药物-药物相互作用是影响临床治疗药物达到目标浓度的主要因素之一。有些相互作用， 特别是通过多种机制的复杂的药动学药物-药物相互作用，由于研究思路和方法的限制而被忽略。我们的研究发现辣椒素-药物相互作用普遍存在，辣椒素广泛影响药物体内过程各个环节，涉及生理指标、代谢酶和转运体，其净效应取决于药物理化性质、药物动力学特征以及辣椒素对相应环节的影响。过去的研究思路过于集中在抑制CYP引起代谢性相互作用，导致强度被低估，机制解释混乱。因此，本研究拟采用细胞模型-半体内灌流模型-整体动物等三级关联模型，实体模型与PBPK数学模型相互补充与验证，从生理指标、代谢酶和转运体多种机制着手，系统研究辣椒素-药物相互作用的机理，同时预测可能与辣椒素产生最显著相互作用的药物，为临床有关药物（如环孢素A、辛伐他汀等）的安全合理应用提供指导，同时为复杂的药物-药物相互作用研究提供范例。

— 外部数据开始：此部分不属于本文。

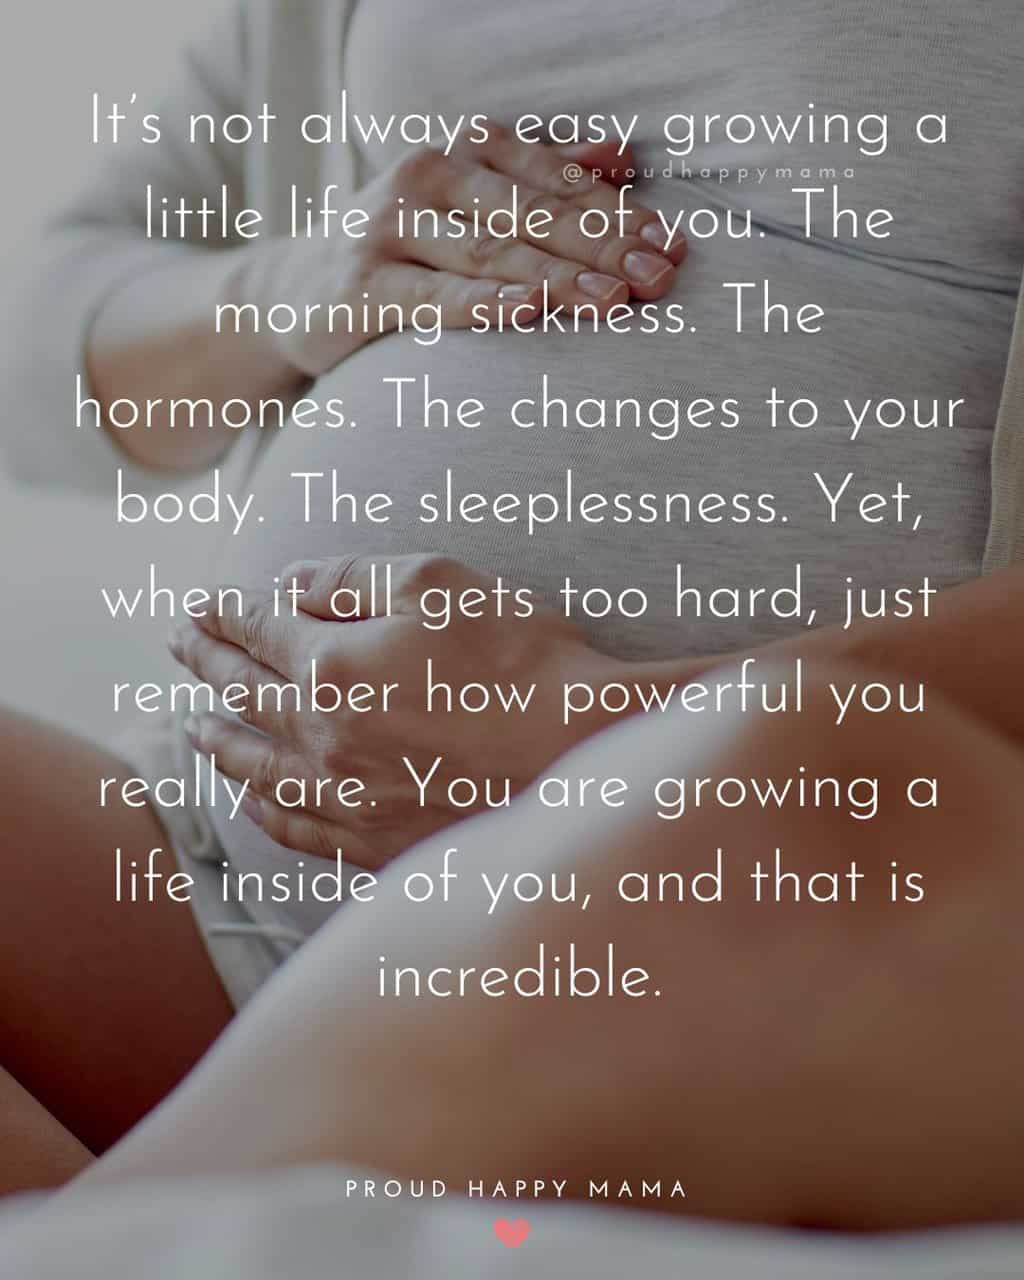 First Time Pregnancy Quotes | It’s not always easy growing a little life inside of you. The morning sickness. The hormones. The changes to your body. The sleeplessness. Yet, when it all gets too hard, just remember how powerful you really are. You are growing a life inside of you, and that is incredible.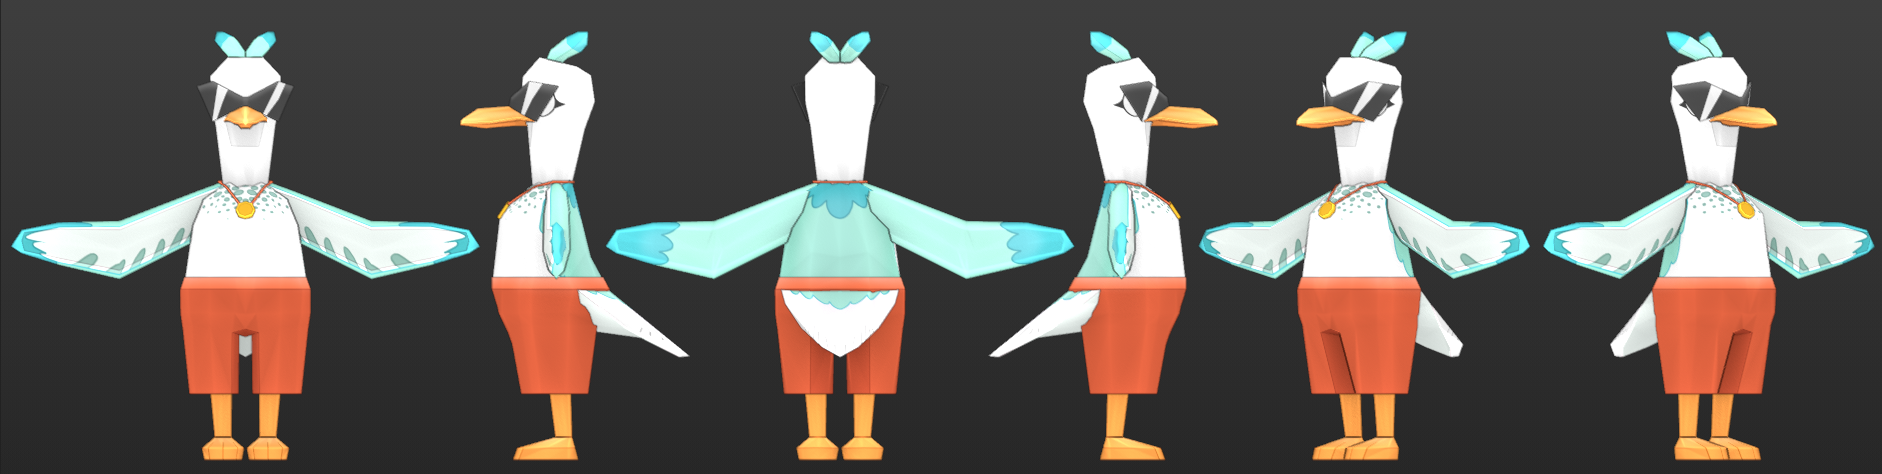 SeaSeagull Reference Sheet 3D

药物-药物相互作用是影响临床治疗药物达到目标浓度的主要因素之一。我们的前期研究发现辣椒素（CAP）广泛影响药物体内过程的各个环节，涉及生理指标、代谢酶和转运体，其净效应取决于药物动力学特征以及辣椒素对相应环节的影响。因此，本项目采用肝微粒体模型-半体内灌流模型-整体动物处置模型等三级关联模型，从生理指标、代谢酶和转运体多种机制着手，系统研究了辣椒素-药物相互作用的机理。.本研究中，（1）采用肝微粒体孵育结合体内Cocktail探针实验发现了CAP可抑制大鼠肝脏CYP1A2 、CYP2C11和 CYP3A4的活性，对Ces2酶呈较弱的抑制作用，对Ugt1a1无抑制作用。（2）研究了CAP处理后大鼠肝脏组织中以Ugt1a1为代表的Ⅱ相代谢酶和以Abcc2为代表的转运体的基因和蛋白表达，发现CAP显著增加大鼠肝脏中Ugt1a1、Abcb11与Abcc3的基因与蛋白表达；（3）系统研究了CAP对辛伐他汀、伊立替康等药物在大鼠整体药动学处置的影响，结果表明CAP使伊立替康的活性代谢产物SN-38在大鼠体内的暴露量显著升高，而使辛伐他汀体内暴露量显著降低；（4）CAP使SN-38的血浆浓度升高，而肝脏中的浓度降低，同时CAP使辛伐他汀在肝脏、小肠中的浓度降低。（5）开展了大鼠胆总管置管试验，发现CAP干预后大鼠胆汁中SN-38的浓度降低，辛伐他汀的胆汁累积排泄量增加。.综上，CAP可能通过抑制肝脏转运体Oatp1b2对伊立替康代谢物SN-38的摄取，并且降低 SN-38胆汁中浓度，使其排泄受阻，此外，CAP抑制Ces2酶活性，最终通过多途径多环节的综合作用使得SN-38体内暴露量显著升高。此外，CAP可能通过降低辛伐他汀与大鼠血浆的蛋白结合率，并且促进肝脏中Ugt1a1、Abcb11与Abcc3基因与蛋白的表达，进而增加辛伐他汀的肝脏代谢与其胆汁累积排泄量。最终CAP通过多个层面的多个因素的综合“浄效应”导致辛伐他汀在大鼠血浆中浓度显著降低。.以上研究将加深对CAP-药物相互作用机制与临床意义的认识，为临床有关药物的安全合理应用提供指导，为避免这类食物-药物导致的不良反应提供依据，同时为复杂的药物-药物相互作用研究提供范例。